Er waren nog maar een paar dagen voorbij sinds de vondst van de botten. Een deel van het skelet was opgestuurd voor een C14-onderzoek, maar de forensisch arts volgde ook nog een ander spoor dat volgens haar sneller ging. Elínborg had met haar gesproken.

‘Sneller dan wat?’ had Erlendur Elínborg gevraagd.

‘Ze gebruikt de aluminiumsmelterij in Straumsvík,’ zei Elínborg.

‘De aluminiumsmelterij?’

‘Ze kijkt naar de uitstoot van de aluminiumsmelterij. Het gaat om zwaveldioxine en fluor en dergelijke stoffen. Heb je daar nooit van gehoord?’

‘Nee.’

‘De dioxine gaat in een bepaalde concentratie de lucht in, zet zich af op zee en wordt onder andere op het water aangetroffen in de omgeving van de smelterij, zoals het Kleifarvatn. Betere maatregelen tegen vervuiling hebben deze stoffen verminderd. Ze zegt dat ze het in een bepaalde concentratie in de botten heeft aangetroffen en de voorlopige conclusie is dat het lijk voor 1970 in het water is gegooid.’

‘En wat is de marge?’

‘Vijf jaar ervoor of erna.’

Het onderzoek naar het skelet in het Kleifarvatn hield zich nu dus bezig met mannen die waren verdwenen tussen 1960 en 1975. Het waren er acht in het hele land. Vijf ervan hadden in de omgeving van de hoofdstad gewoond.

De eerste man van Kristín was een van hen. Ze had de berichten over de vondst gezien. Ze had destijds zelf aangifte gedaan van zijn vermissing. Op een dag kwam hij niet thuis van zijn werk. Ze wachtte op hem met het eten. Hun zoontje speelde op de grond. Het werd later en later. Ze deed de jongen in bad, bracht hem naar bed en ging weer naar de keuken. Ze ging opnieuw zitten wachten. Ze zou televisie hebben gekeken als het niet donderdag was geweest.

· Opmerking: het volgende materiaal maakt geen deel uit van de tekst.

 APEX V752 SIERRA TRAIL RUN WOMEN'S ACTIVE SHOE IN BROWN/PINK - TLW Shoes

Het was in de herfst van 1969. Ze woonden in een klein appartement dat ze pas hadden gekocht. Hij was verkoopleider bij een makelaardij en had de woning voor een schappelijke prijs gekregen. Zij had juist haar opleiding aan de handelsschool beëindigd toen ze elkaar leerden kennen. Een jaar later trouwden ze met pracht en praal en een jaar na de bruiloft werd hun zoon geboren, op wie de man dol was.

‘Daarom begrijp ik het niet,’ zei Kristín en ze keek hen om beurten aan.

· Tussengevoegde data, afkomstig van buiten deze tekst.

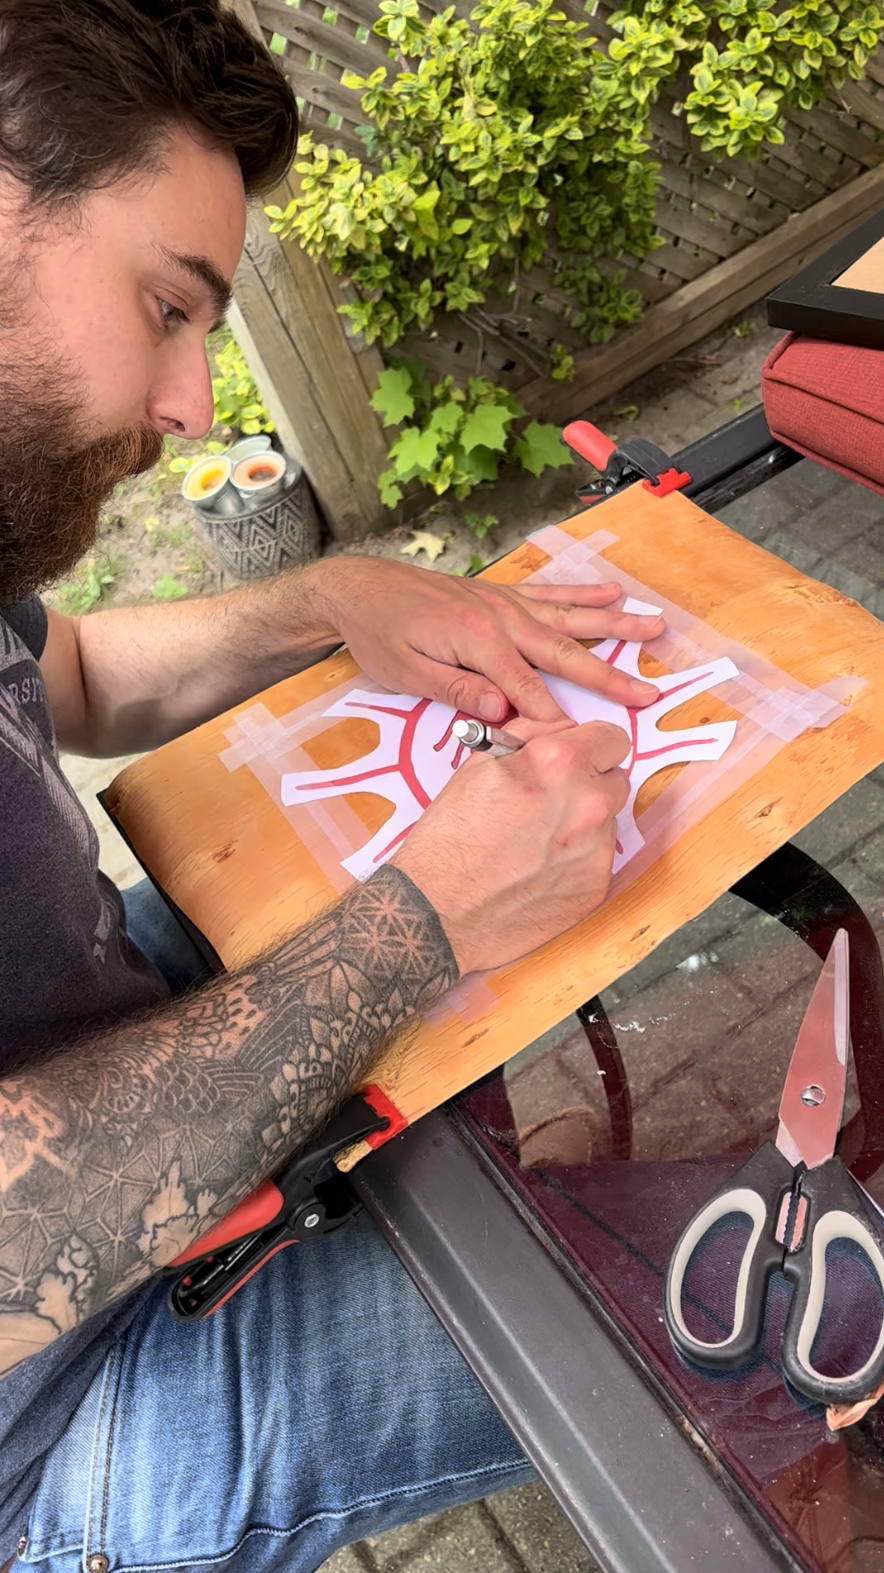 A person working on artwork

Erlendur begreep dat ze nog steeds wachtte op de man die zo plotseling en onbegrijpelijk uit haar leven was verdwenen. Hij zag voor zich hoe ze in haar eentje zat te wachten in de schemering van de herfst. Zag hoe ze belde naar mensen die hem gekend hadden en hun vrienden waren, belde naar familie die zich de dagen daarop in de woning verzamelde om haar te steunen en te helpen in haar verdriet.

‘We waren gelukkig,’ zei ze. ‘Kleine Benni was onze oogappel, ik had net een baan gekregen bij de Handelsvereniging en wist niet beter dan dat het hem ook goed ging in zijn werk. Het was een grote makelaardij en hij was een goede verkoper. Hij had het op school nooit zo goed gedaan, ging na drie jaar van de middelbare school af, maar hij werkte hard en ik dacht dat hij tevreden was met zijn leven. Hij had me nooit het idee gegeven dat dat niet zo was.’

Ze schonk koffie in hun kopjes.

‘Ik merkte de laatste dag niets ongewoons aan hem,’ zei ze en ze hield hun de schotel met cakejes voor. ‘Hij nam ’s ochtends afscheid, belde ’s middags alleen om mijn stem te horen en later nog eens om te zeggen dat hij wat later zou zijn. Daarna heb ik nooit meer wat van hem gehoord.’

‘Maar ging het slecht op zijn werk, ook al vertelde hij jou dat niet?’ vroeg Elínborg. ‘We lazen de verklaring en...’

‘Ze moesten iemand ontslaan. Hij had het daar al dagen over, maar ze wisten niet wie. En toen werd hij die dag bij de directeur geroepen en werd hem gezegd dat ze hem niet meer nodig hadden. De directeur vertelde me dat later. Hij zei me dat mijn man helemaal niets gezegd had toen hij werd ontslagen, niet geprotesteerd had en niet naar een reden had gevraagd, maar gewoon de kamer was uitgelopen en aan zijn bureau was gaan zitten. Geen enkele reactie.’

‘Heeft hij je niet gebeld om het je te vertellen?’ vroeg Elínborg.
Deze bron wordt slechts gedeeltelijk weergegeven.